I can understand why John Key agreed to the format and Phil Goff made the complaint, however. They both know that John Key doesn’t have to talk politics to accrue political capital. It’s John Key’s personality, his ability to transcend politics and relate to people at a non-political level, that is currently attracting votes away from Labour. The non-overtly-political format of the PM’s Hour played directly to John Key’s personal and electoral strengths. And this has irked Phil Goff.
It’s a classic example of something I have been arguing for years. In this era of permanent campaigning all manner of activities, behaviours, events and messages are electioneering. They may not explicitly ask for the vote, but all are undertaken in order to be viewed favourably by voters with the ultimate goal of gaining as many party votes as possible at the next general election.
The current election broadcasting and advertising laws do not reflect the realities of modern campaigning. I’m sure the Electoral Commission will also find that that, in response to Labour’s complaint that the programme was an election advertisement, the show does not confirm with the Electoral Act’s definition of election advertisement either, because it will be covered by the exemption for editorial content of a periodical, radio or television programme.

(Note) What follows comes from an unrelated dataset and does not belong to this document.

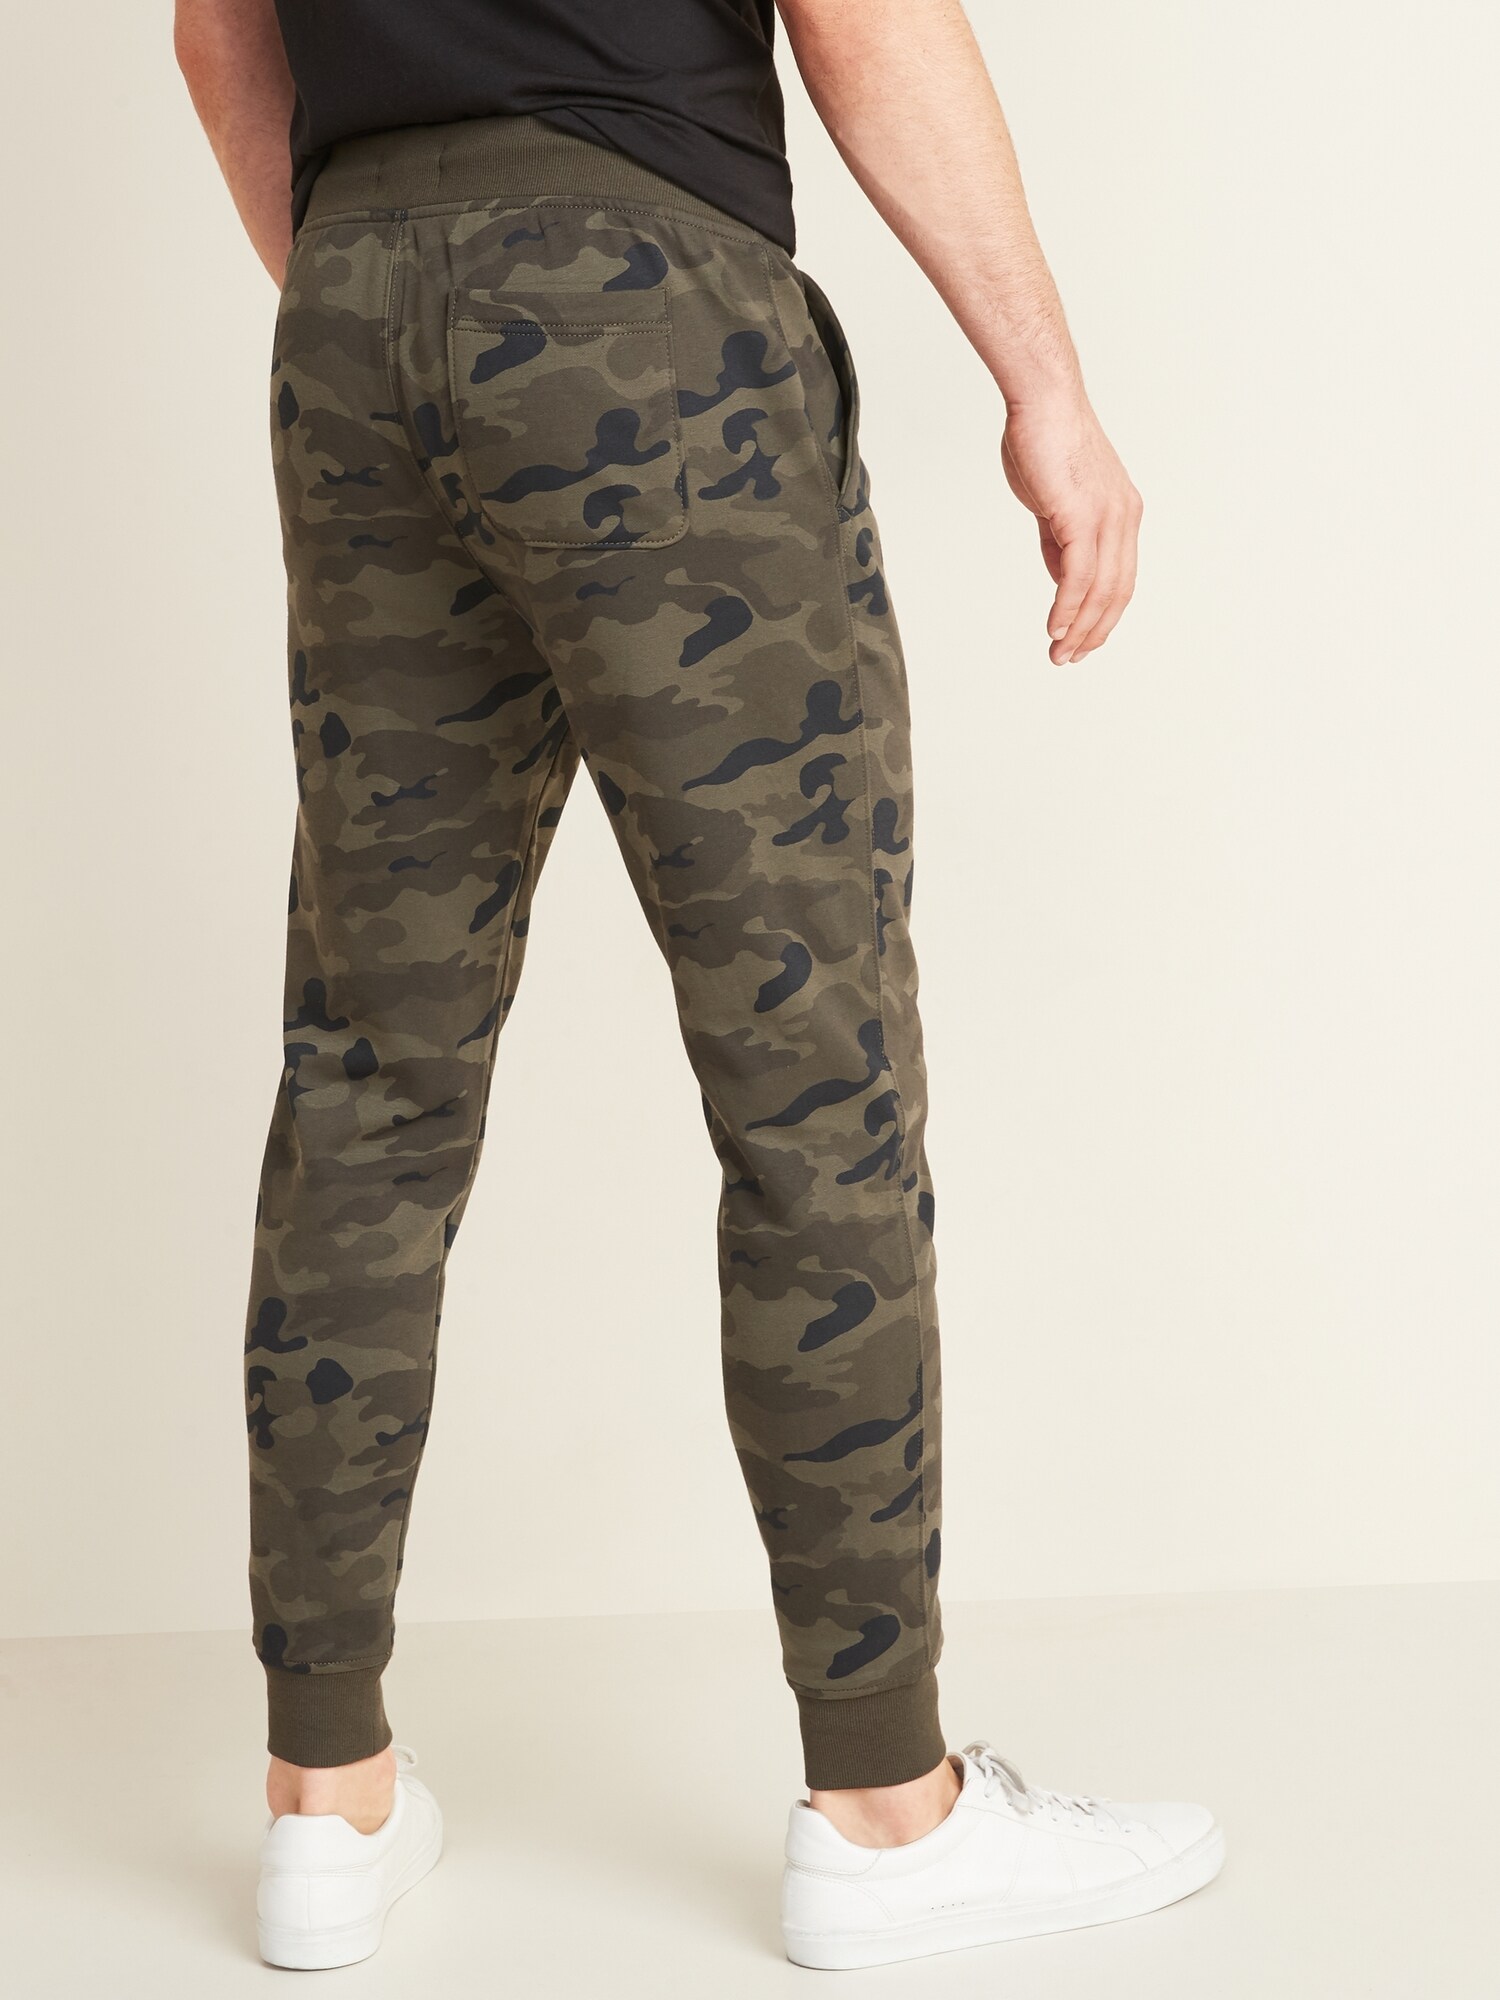 Camo Jogger Pants for Men | Old Navy

Electoral law will always be playing catch-up here, because it is unable to predict every form of campaigning that will occur in the future. With proliferating channels of communications, rapidly changing technologies and multiple messages competing for attention, electioneering will increasingly be carried by the intangible and the implicit: things like smells, movements, locations, physical actions, projections, shapes, spaces, smiles, colours… Anything may be an election offering, at any time, and none of these are covered by existing legislation.
And nor should they be! We actually need laws that enhance rather than restrict politicians and political parties from engaging with citizens. Political communication is good not bad. All the current laws do is encourage sideshows as officials fruitlessly deliberate whether something is an election broadcast or ad. Between 1 January and 10 October 2011 (when I requested this info) the Electoral Commission had received 619 requests for advisory opinions about whether a piece of political communication is an election advertisement or not. A number of these requests related to multiple items of publicity. And each one took between 3-5 working days to process. What a ridiculous waste of time and taxpayers’ money this is.
Rather than cry foul, what Phil Goff needs to do is be creative and find something to do on the campaign trail that Key hasn’t thought of first. That is what successful challenger brands do when they are going after the market leader in the commercial market. The same imperative exists in the political leadership market.